§ TRY IT
Repeat every line of the data exactly; the pictures stay out.

§ THE DATA
_____

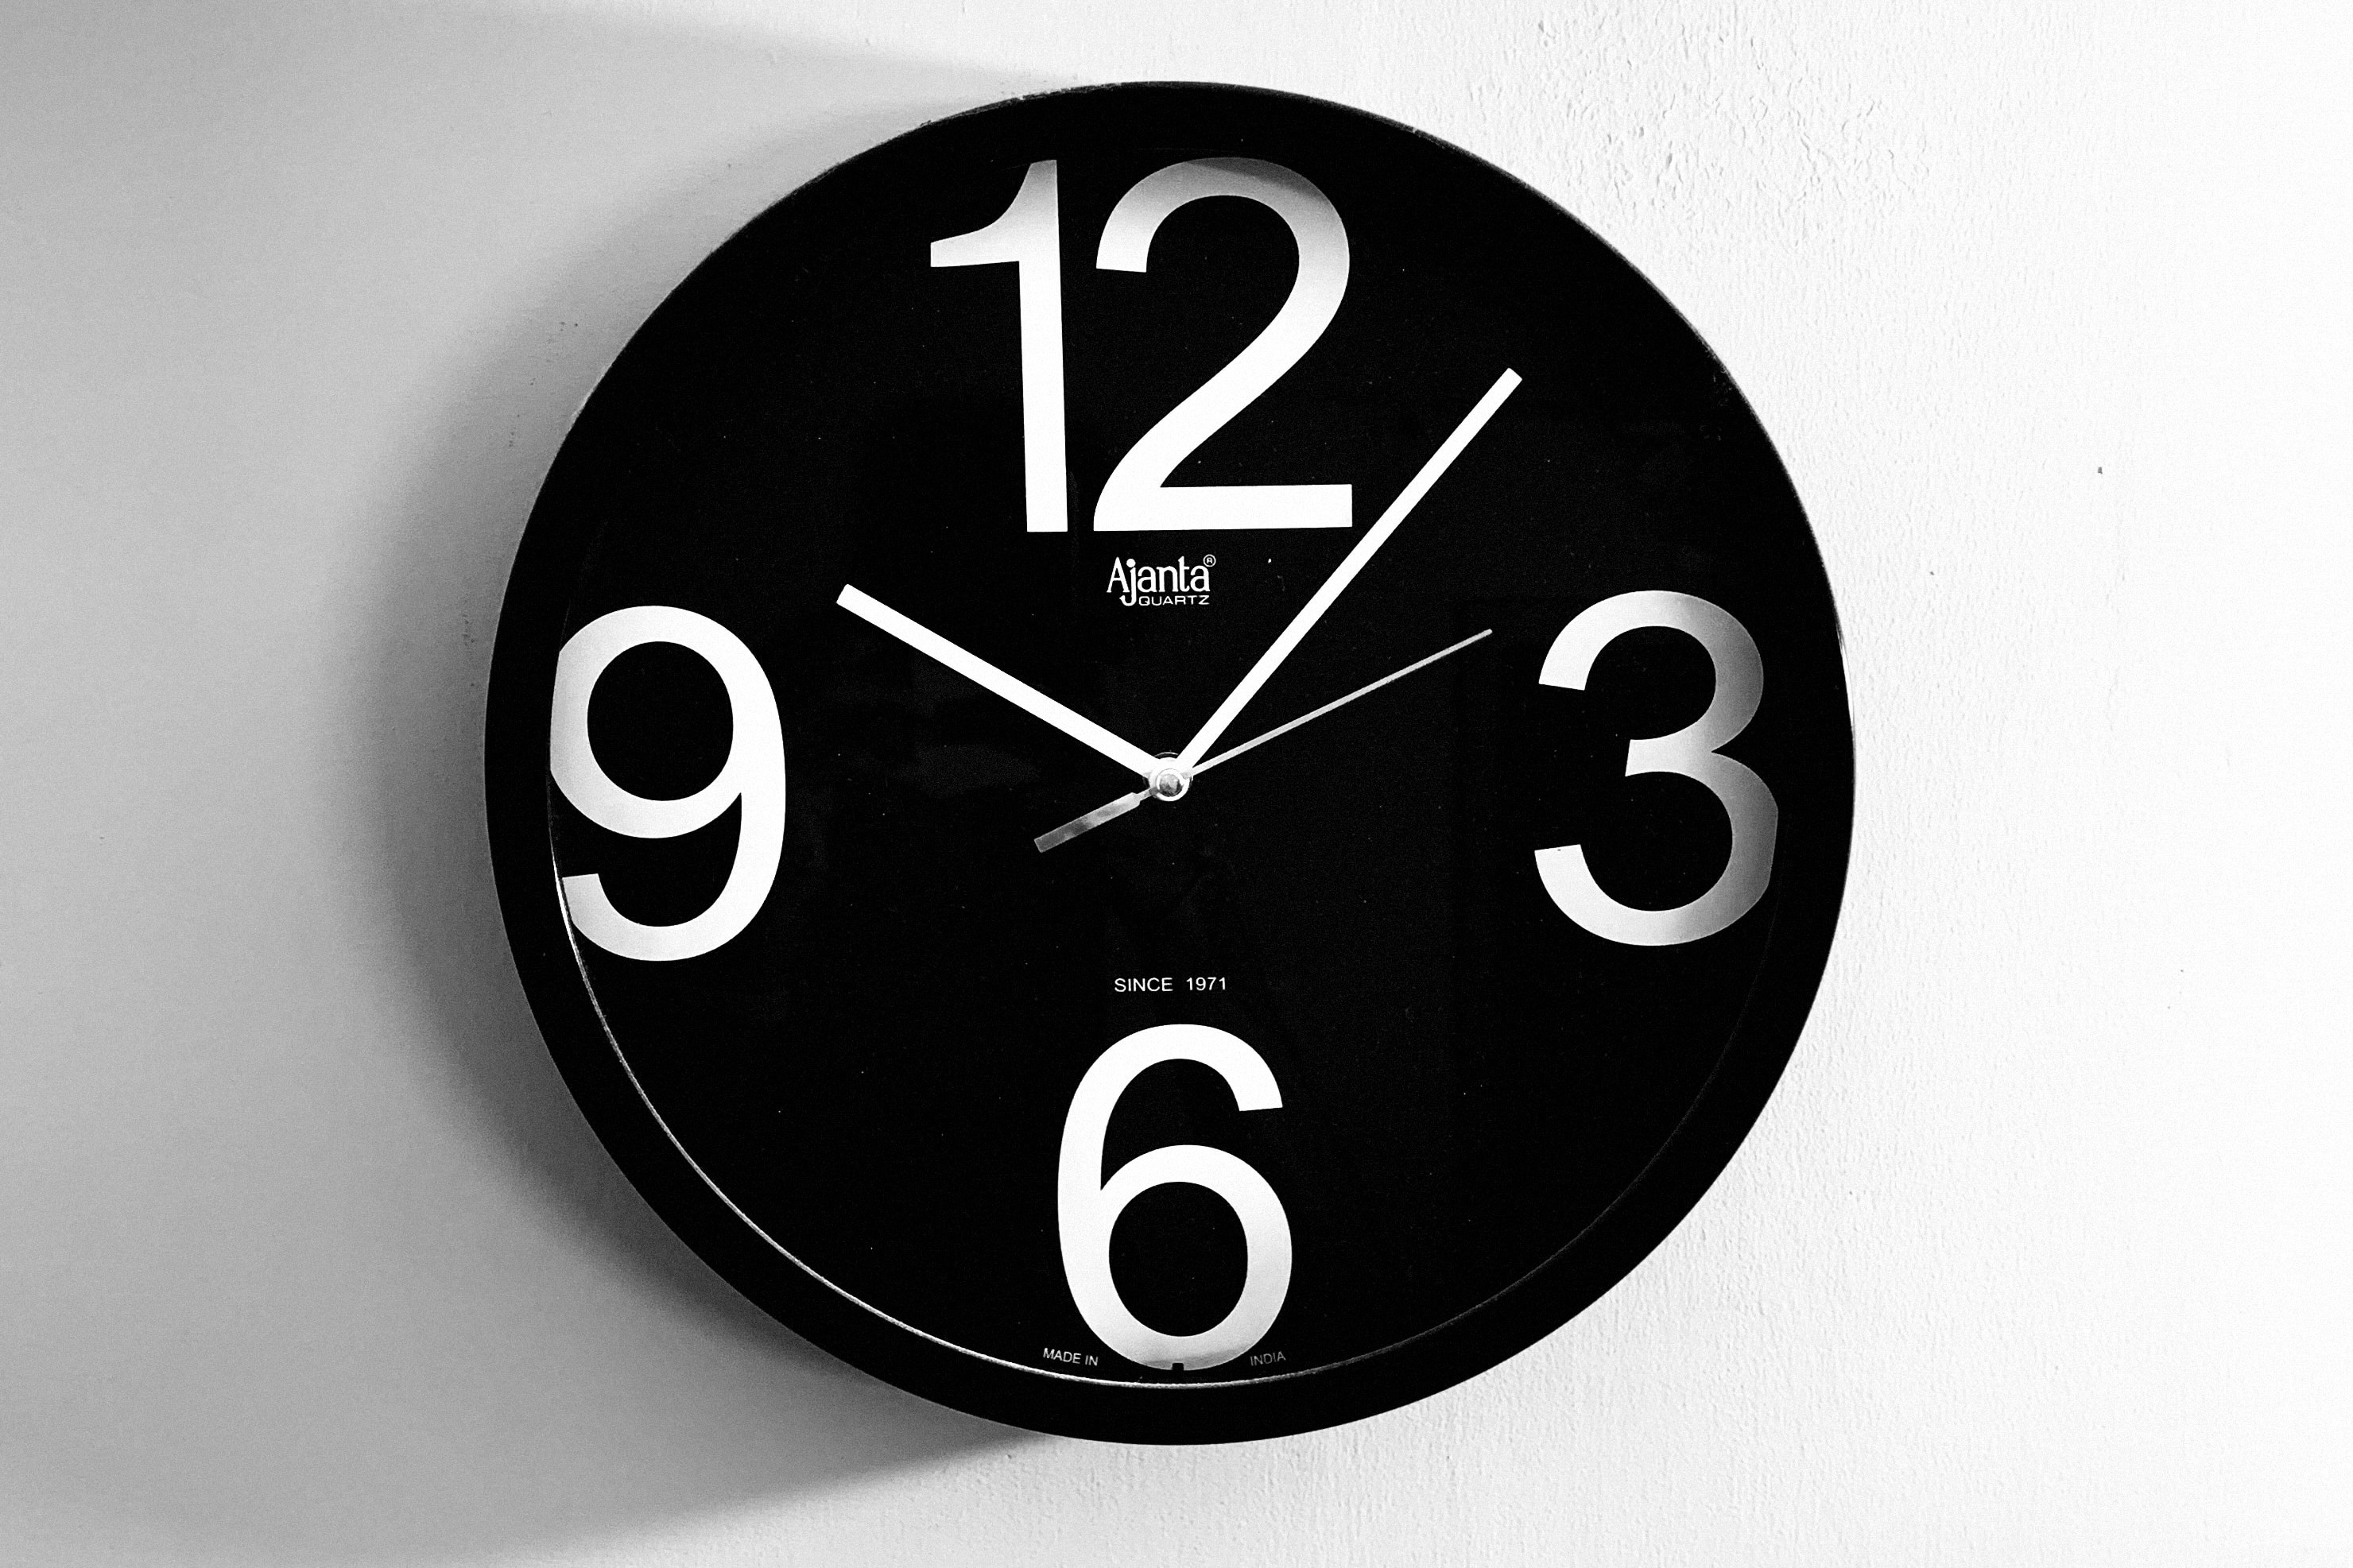 Eine schwarze Uhr mit weißen Zahlen und Zeigern, die 10:05 zeigen.
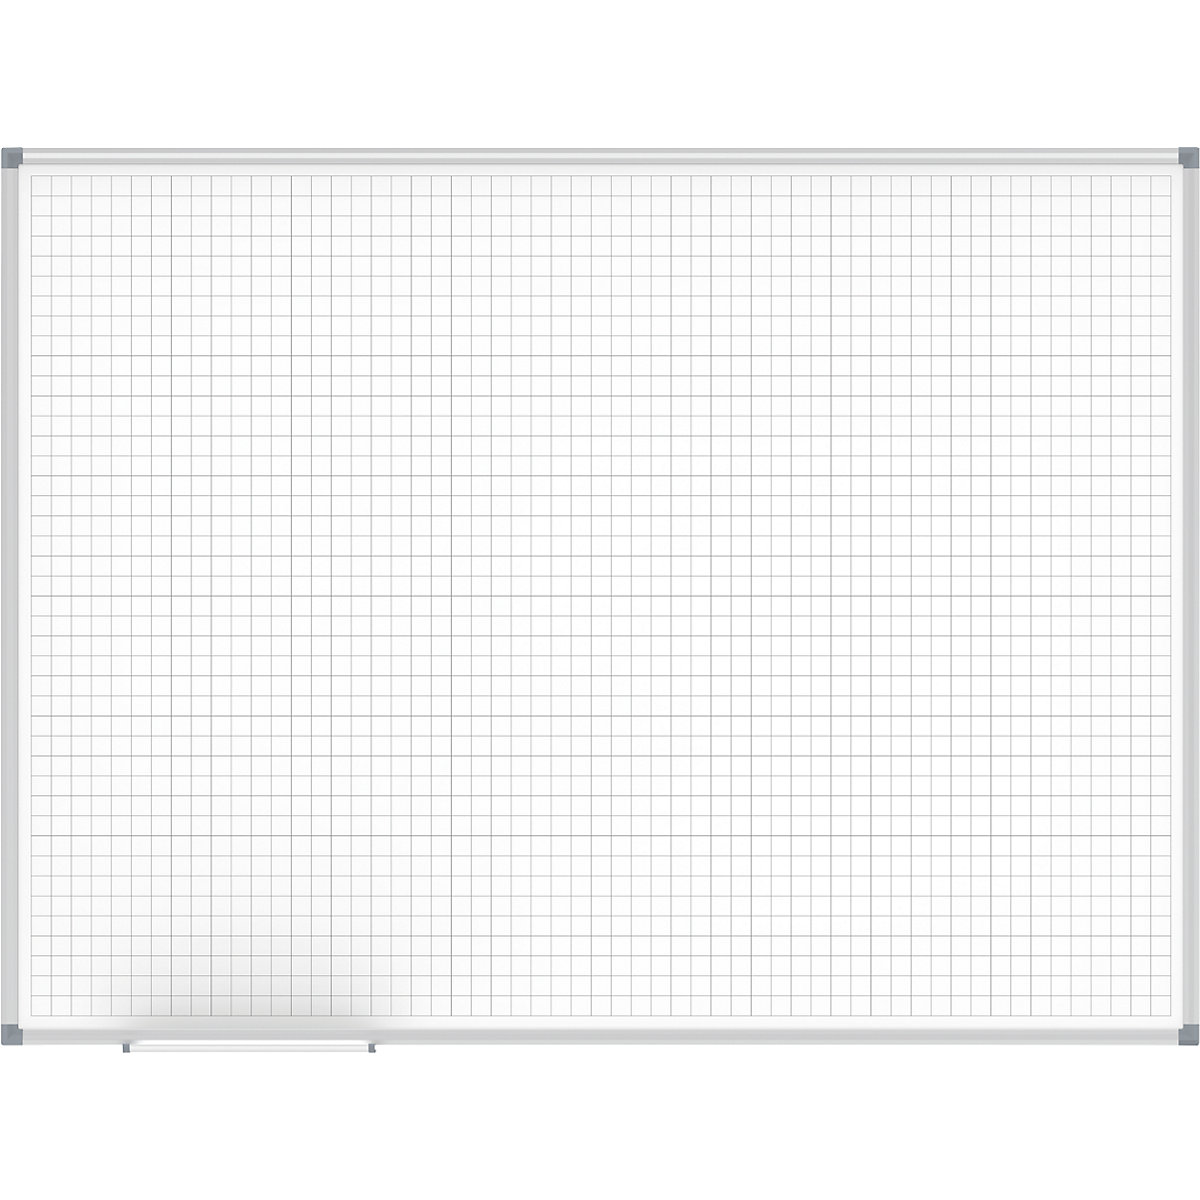 Tableau quadrillé MAULstandard, blanc – MAUL, quadrillage 20 x 20 mm, l x h 1200 x 900 mm-3
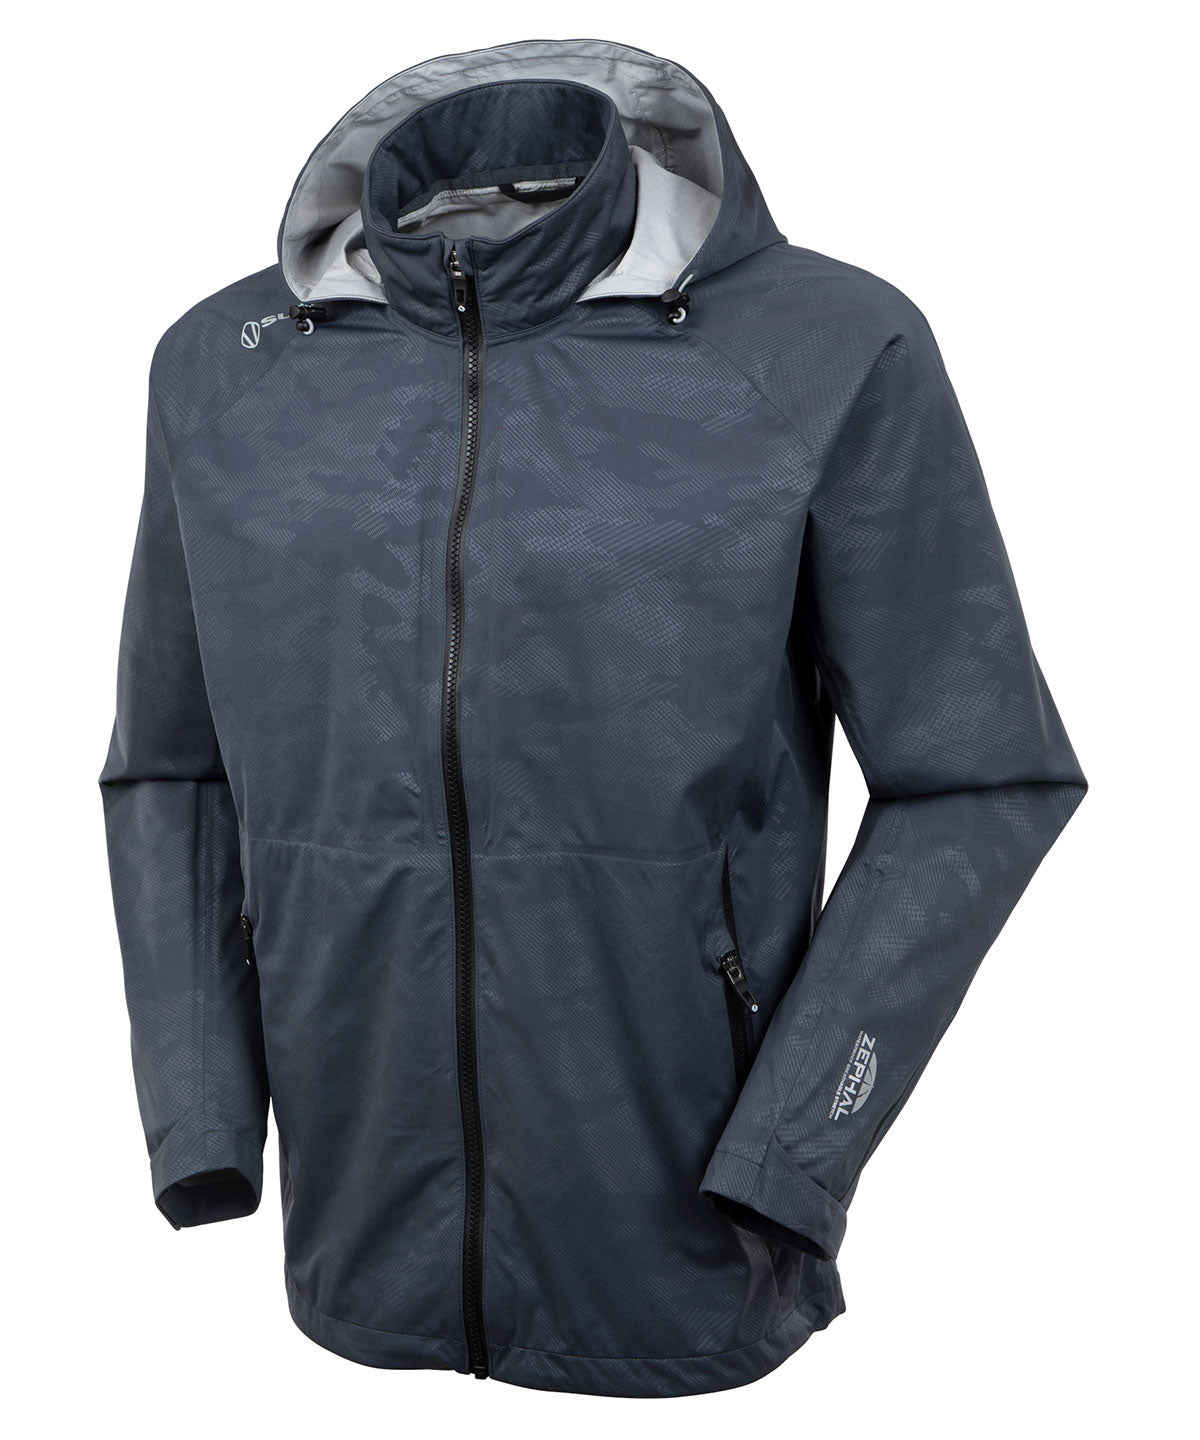 Men's Joe Zephal Flextech Waterproof Rain Jacket with Packable

_____

§ RESULT FOR THIS TASK
 Eine schwarze Uhr mit weißen Zahlen und Zeigern, die 10:05 zeigen.
 Tableau quadrillé MAULstandard, blanc – MAUL, quadrillage 20 x 20 mm, l x h 1200 x 900 mm-3
 Men's Joe Zephal Flextech Waterproof Rain Jacket with Packable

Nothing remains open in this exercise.